I Redskins cedono e cambiano nome dopo 87 anni

Il logo del Washington Redskins nel campo di football americano del Redskins Park, in Ashburn, Virginia.
Il logo del Washington Redskins nel campo di football americano del Redskins Park, in Ashburn, Virginia. EPA/JIM LO SCALZO

WASHINGTON. – I Redskins, blasonata squadra di football Usa, ritirano ufficialmente dopo 87 anni un nome da tempo considerato un’offesa razzista nei confronti dei nativi americani ma che Donald Trump ha continuato a difendere sino ai giorni scorsi, bollando il cambio come una capitolazione al “politicamente corretto”.

Il team ha ceduto alle proteste per la giustizia razziale seguite all’uccisione dell’afroamericano George Floyd, nonché alle pressioni di sponsor e azionisti, che avevano minacciato di cancellare i loro contributi e il loro logo se non fosse stato cambiato il nome “Pellirossa”.

A partire da Fedex, che ha un contratto da 205 milioni di dollari sino al 2025 e il cui ceo Fred Smith ha una quota nella società. Ma anche Pepsi e Bank of America avevano incoraggiato la svolta, mentre giganti come Nike, Amazon, Walmart, Target e Dick’s avevano rimosso tutta la merce legata ai Redskins.

Dopo aver avviato un esame della vicenda, oggi il team ha annunciato il ritiro del nome e del logo, che raffigura la faccia rossa di un indiano con le piume sui capelli. Quelli nuovi saranno pronti per la prossima stagione.

Il propietario Dan Snyder e il coach Ron Rivera stanno lavorando insieme “per sviluppare un nuovo nome e un approccio progettuale che rafforzerà la posizione della nostra franchigia orgogliosa e ricca di storia e ispirerà i nostri sponsor, i nostri fan e la nostra comunità per i prossimi 10 anni”, spiega la società.

Intanto sui social è già partito il totonome e la star afroamericana dell’Nba Kevin Durant ha già avanzato la sua proposta: Red Wolves, Lupi rossi.

Nata nel 1932 come Boston Braves, la squadra fu rinominata con il controverso nickname nel 1933, quattro anni prima di trasferirsi nella capitale, dal fondatore George Preston Marshall, un segregazionista. Nel 2013 Snyder aveva promesso che il nome non sarebbe mai cambiato. A nulla erano servite le pressioni di Barack Obama. Ma ora i tempi sembrano cambiati.

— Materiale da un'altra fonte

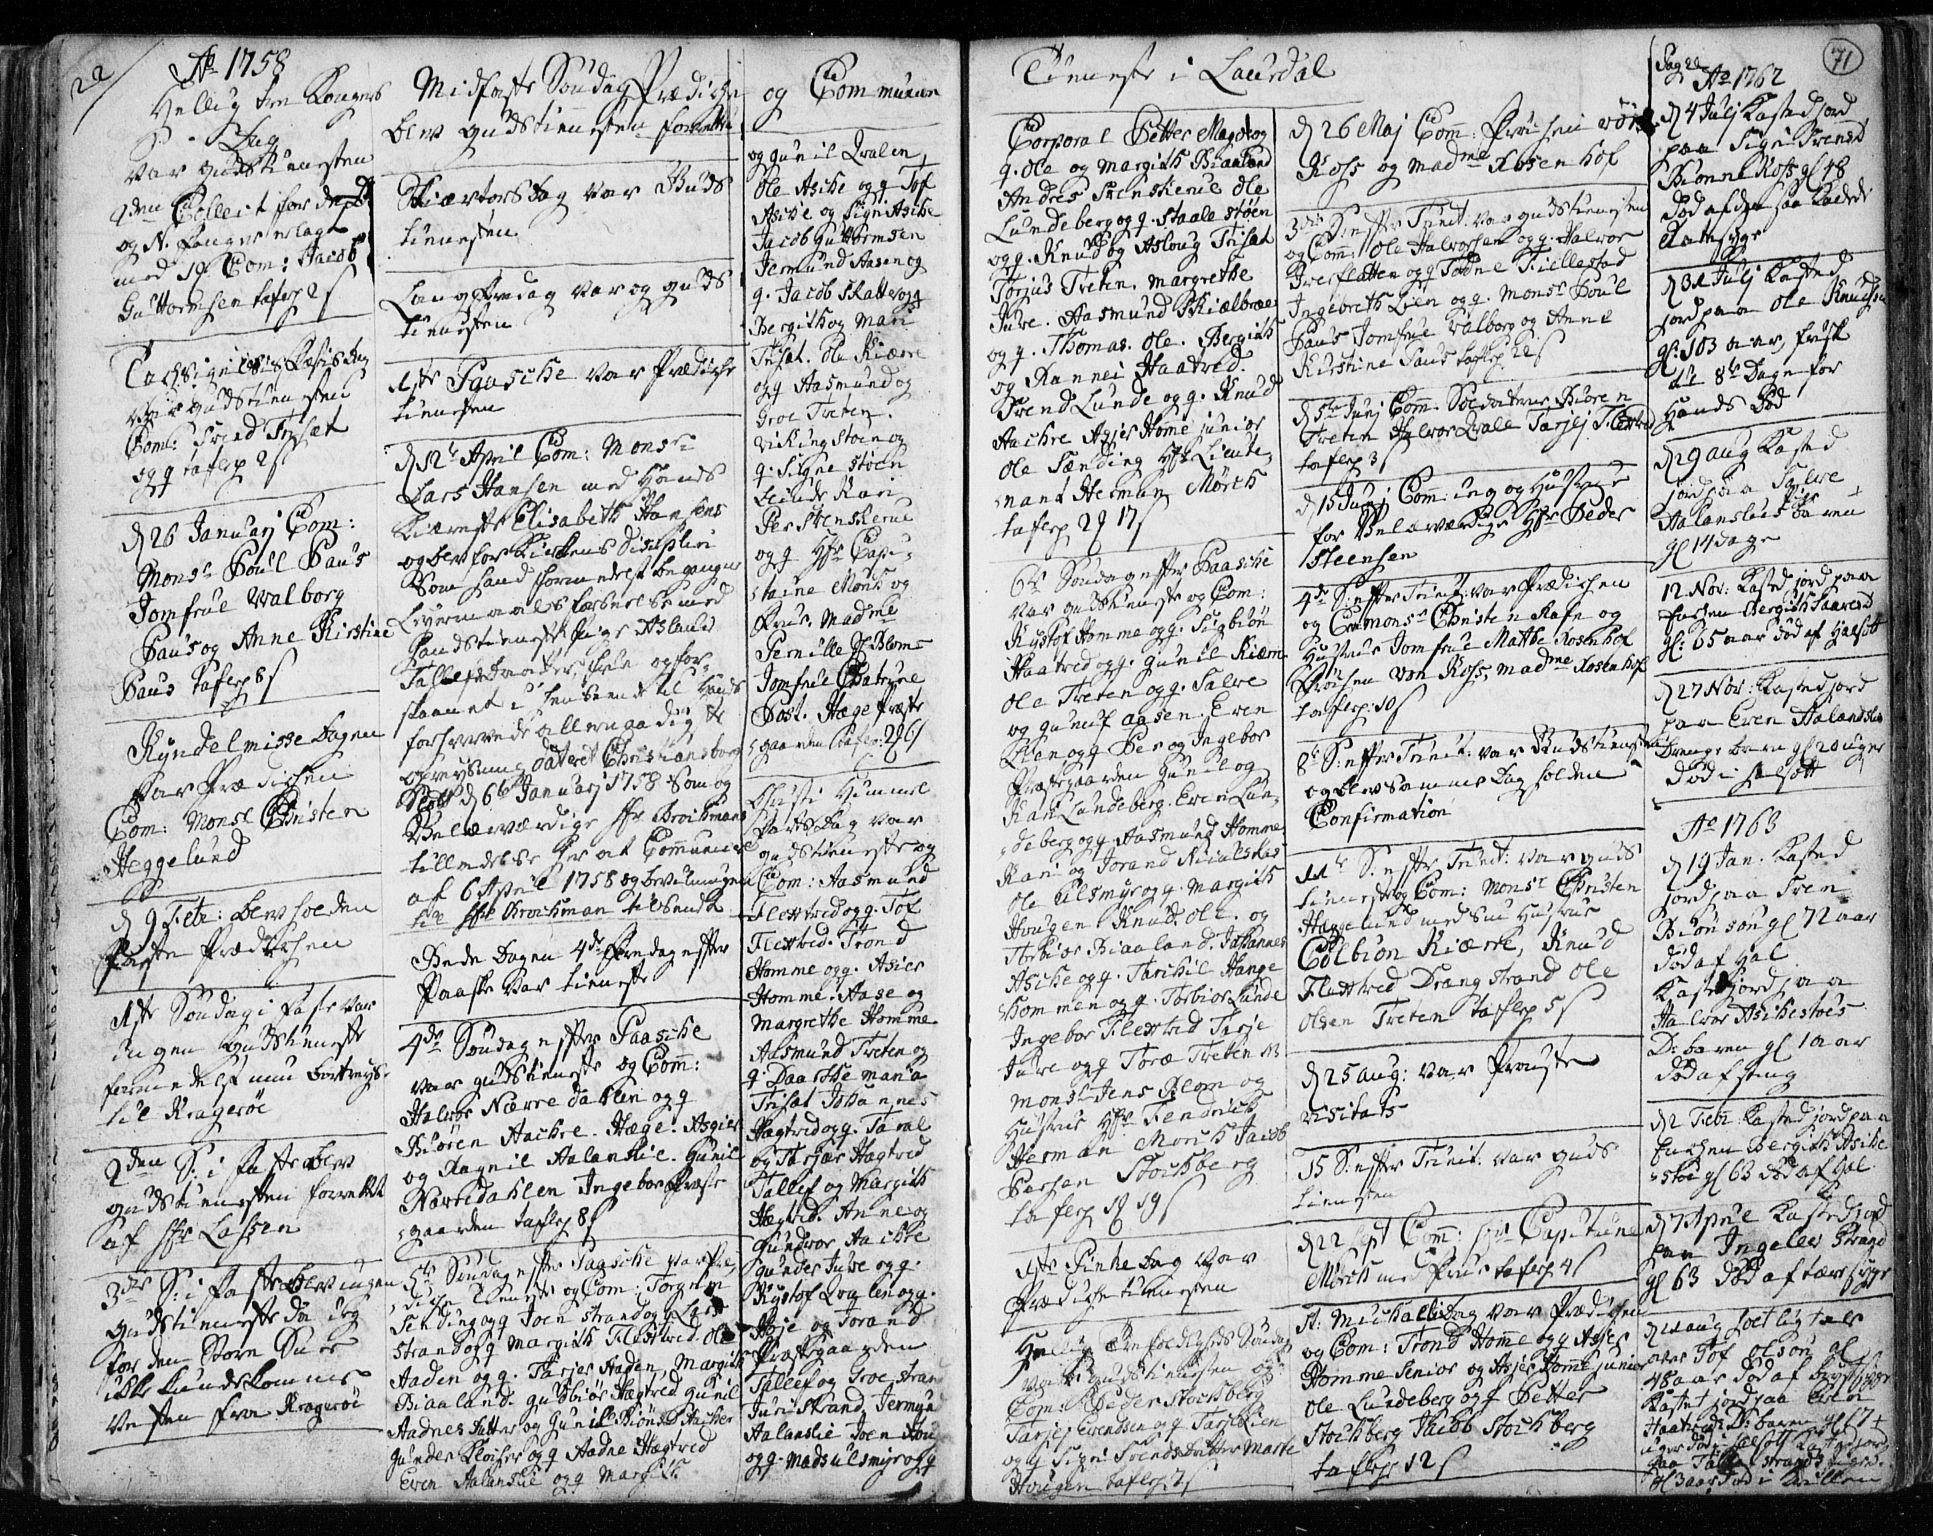 SAKO, Lårdal kirkebøker, F/Fa/L0003: Ministerialbok nr. I 3, 1754-1790, s. 71

Tanto che lo stesso commissario della National Football League (Nfl) Roger Goodell, dopo aver vietato ai giocatori di inginocchiarsi in segno di protesta contro l’ingiustizia razziale, ha annunciato che all’inizio della prossima stagione  l’inno nazionale afroamericano sarà eseguito prima di quello nazionale.

E sarà probabilmente accompagnato dal nome di una delle vittime degli abusi della polizia, come ad esempio George Floyd, sulla magliette dei giocatori o sui caschi.

Intanto Open Society Foundation, il gruppo filantrópico fondato dal magnate liberal George Soros, ha annunciato che investirà 220 milioni di dollari a favore della battaglia per la giustizia razziale, una somma enorme che sosterrà per anni l’attività di diversi gruppi afroamericani in prima linea contro il razzismo.